### Problem details
Below this line is a set of entries; quote exactly the lines from the line that contains "Ninety Percent +" to the line that contains "Easter Egg Girl", both lines included.

### Records supplied
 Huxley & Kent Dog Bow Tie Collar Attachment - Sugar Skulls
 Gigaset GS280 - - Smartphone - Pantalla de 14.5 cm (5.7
---
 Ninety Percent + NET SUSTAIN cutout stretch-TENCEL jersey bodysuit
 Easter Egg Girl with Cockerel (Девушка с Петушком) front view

### Task output
 Ninety Percent + NET SUSTAIN cutout stretch-TENCEL jersey bodysuit
 Easter Egg Girl with Cockerel (Девушка с Петушком) front view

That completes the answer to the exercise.